### Collected material
-- Opening Marker --
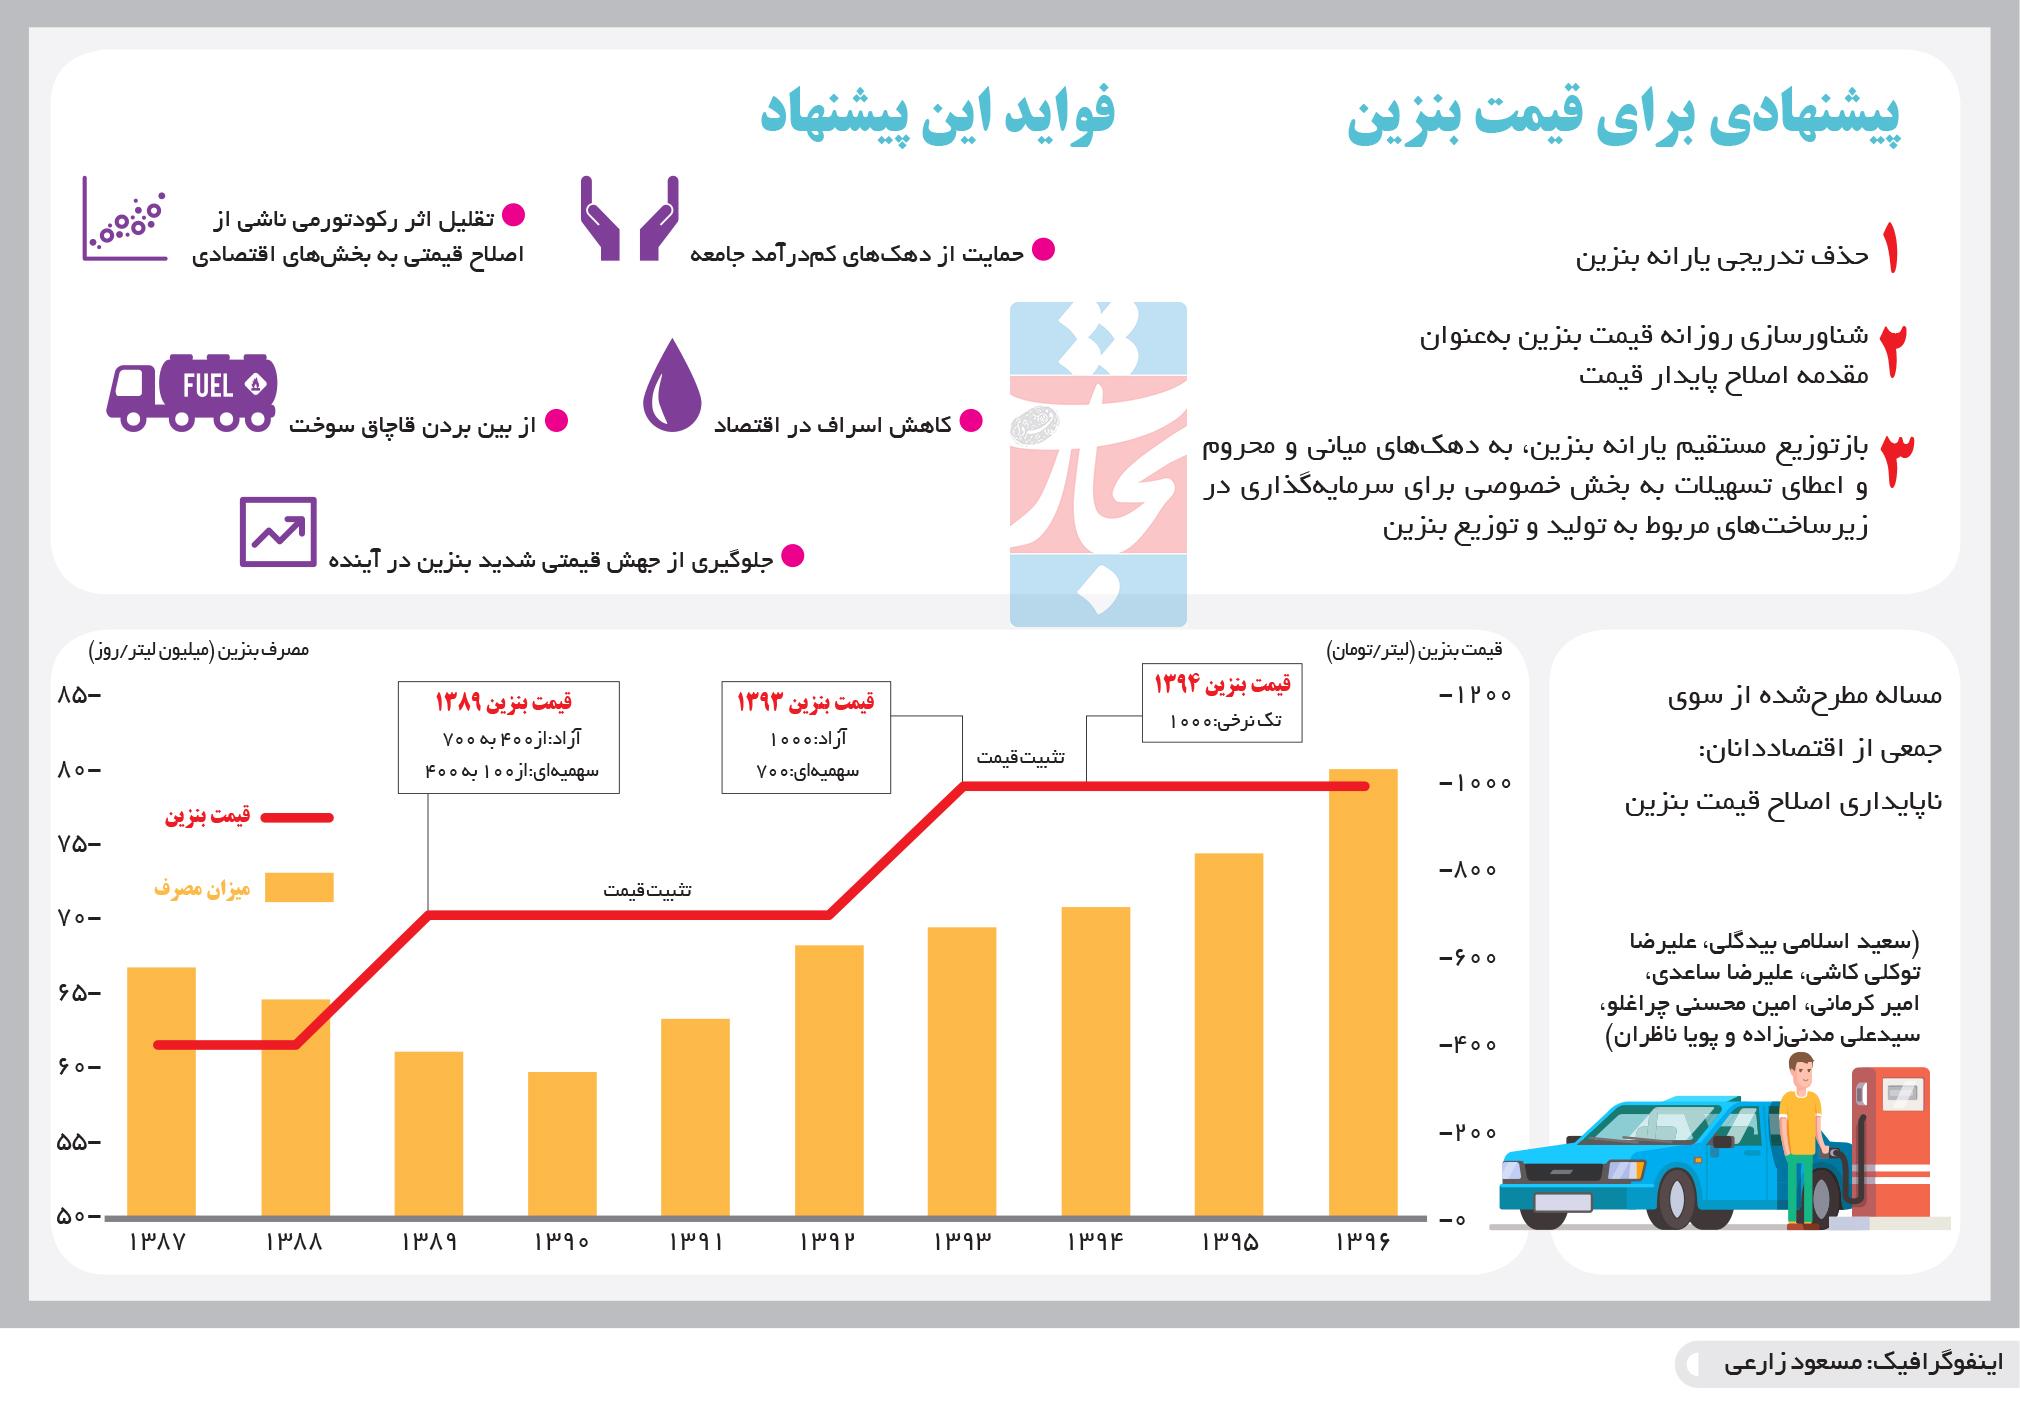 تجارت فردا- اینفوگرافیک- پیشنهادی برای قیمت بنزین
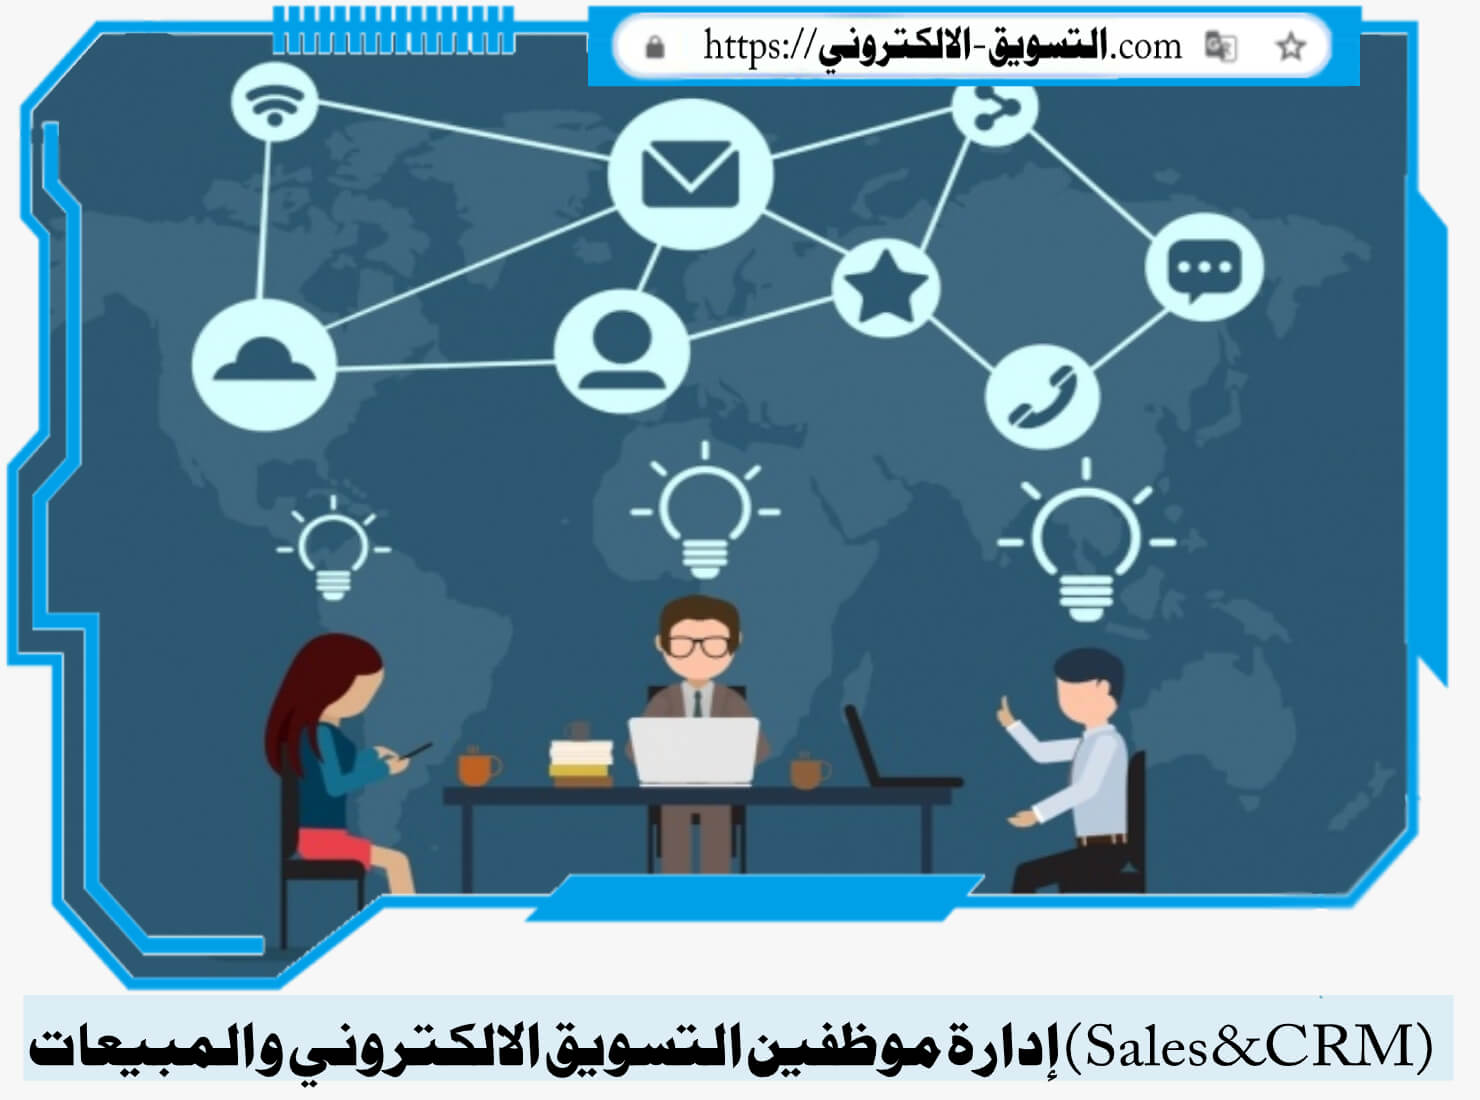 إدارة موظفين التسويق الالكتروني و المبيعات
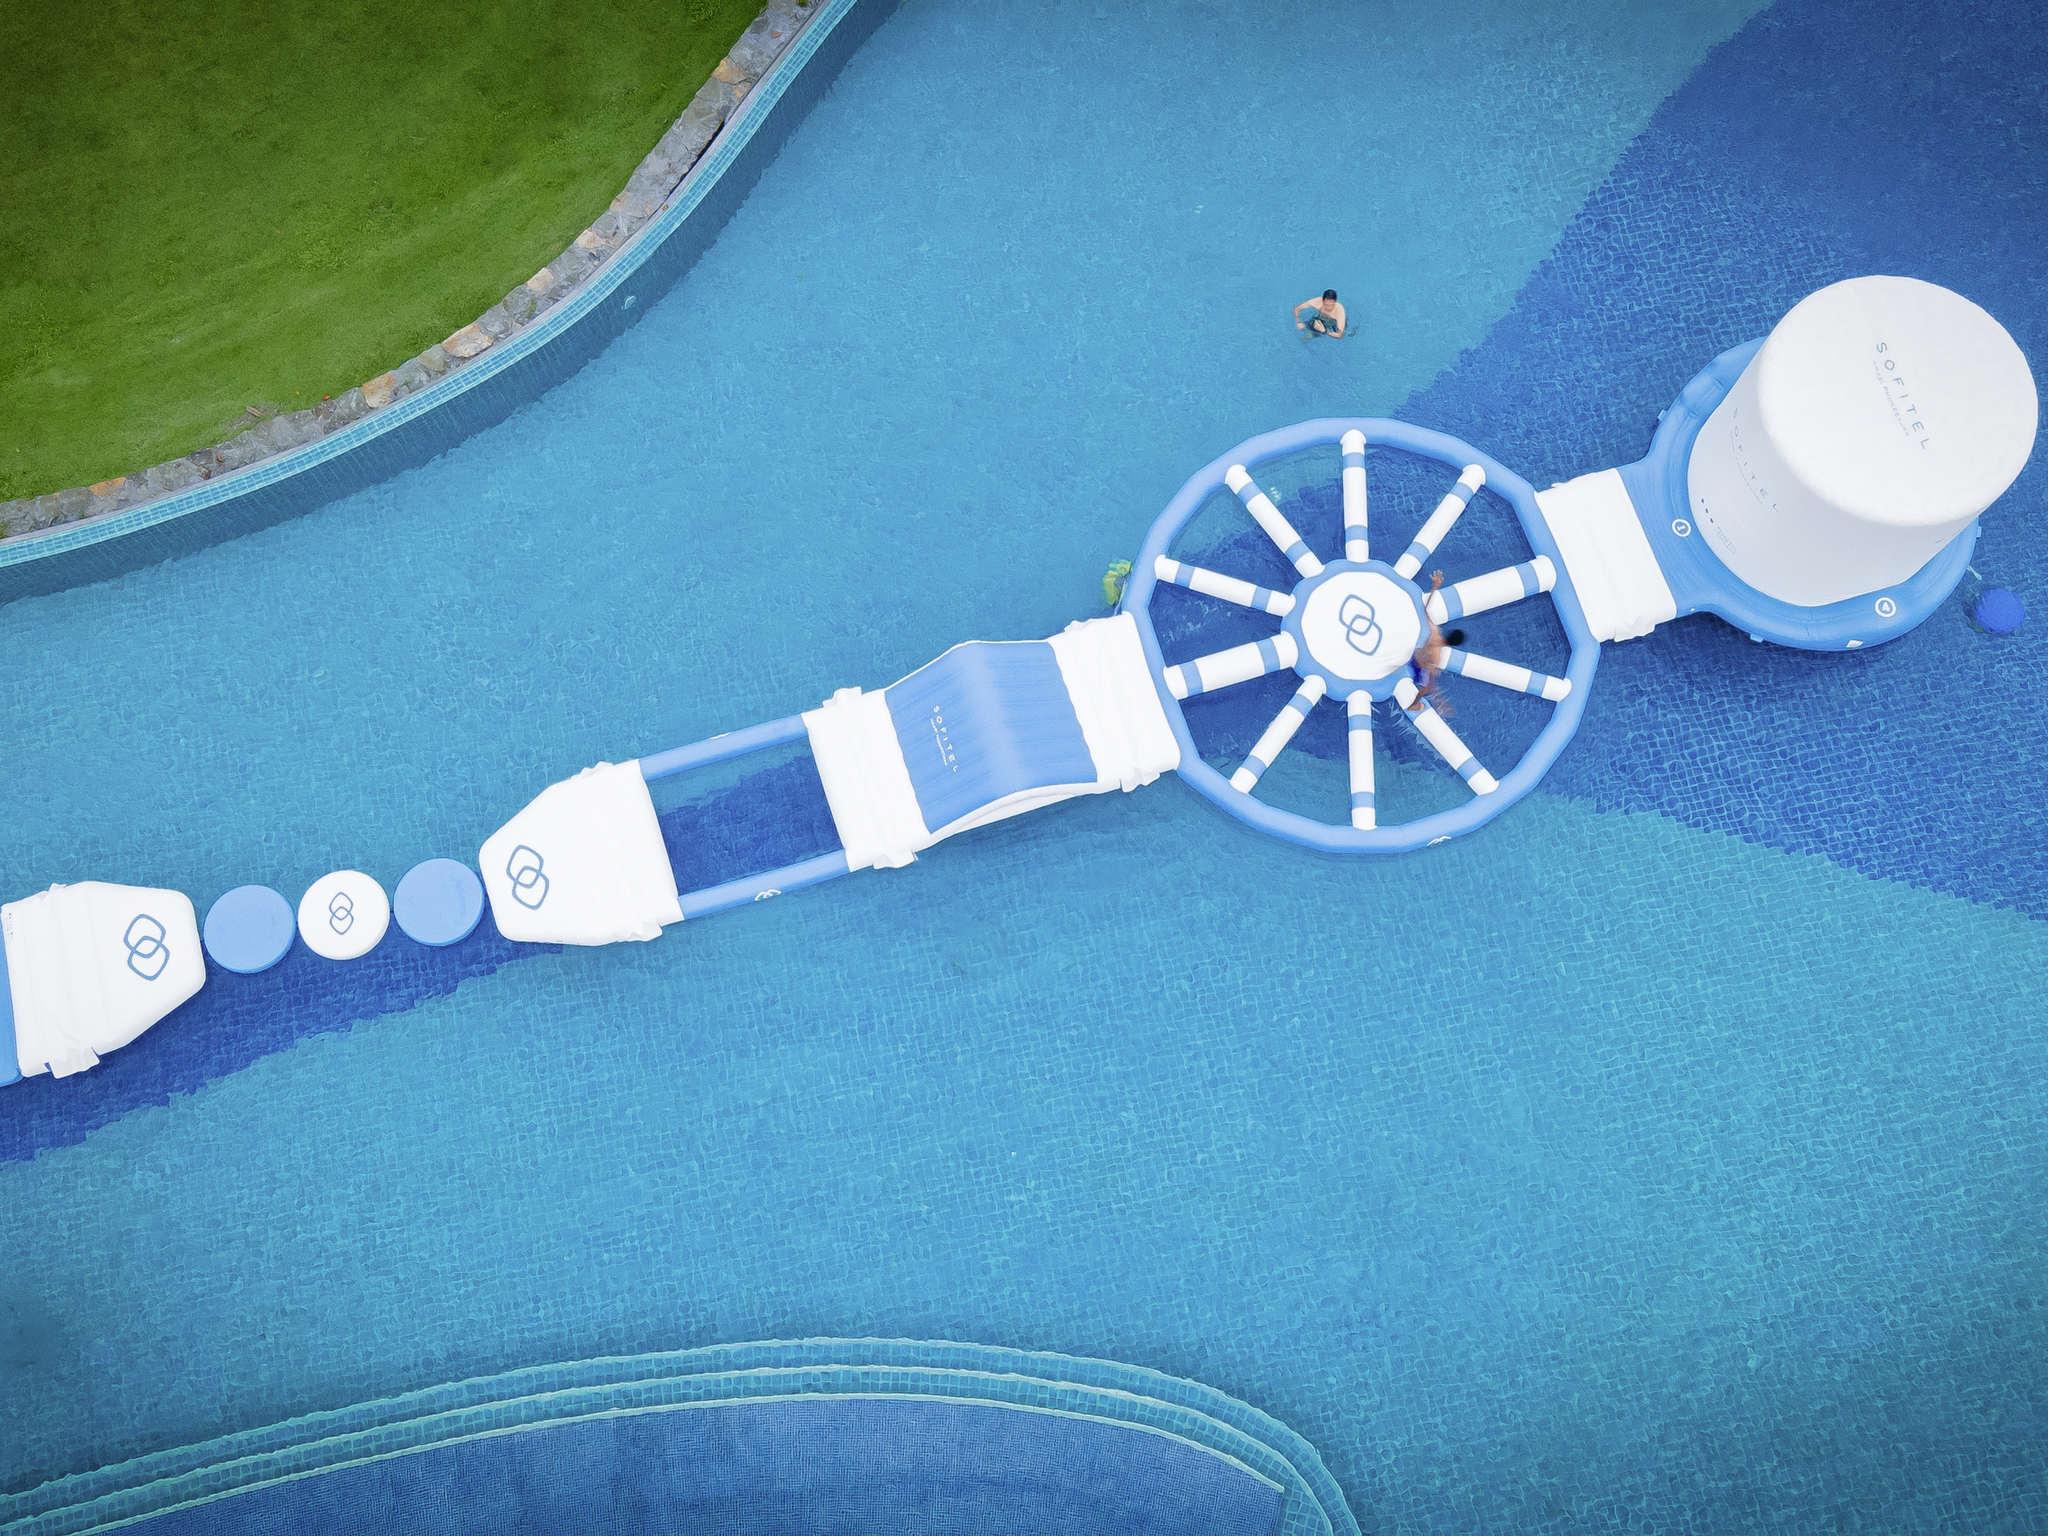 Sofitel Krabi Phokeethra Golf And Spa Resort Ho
-- Closing Marker --
### Exercise objective
Send back the data above verbatim, leaving out its pictures.

### Solution to this task
 تجارت فردا- اینفوگرافیک- پیشنهادی برای قیمت بنزین
 إدارة موظفين التسويق الالكتروني و المبيعات
 Sofitel Krabi Phokeethra Golf And Spa Resort Ho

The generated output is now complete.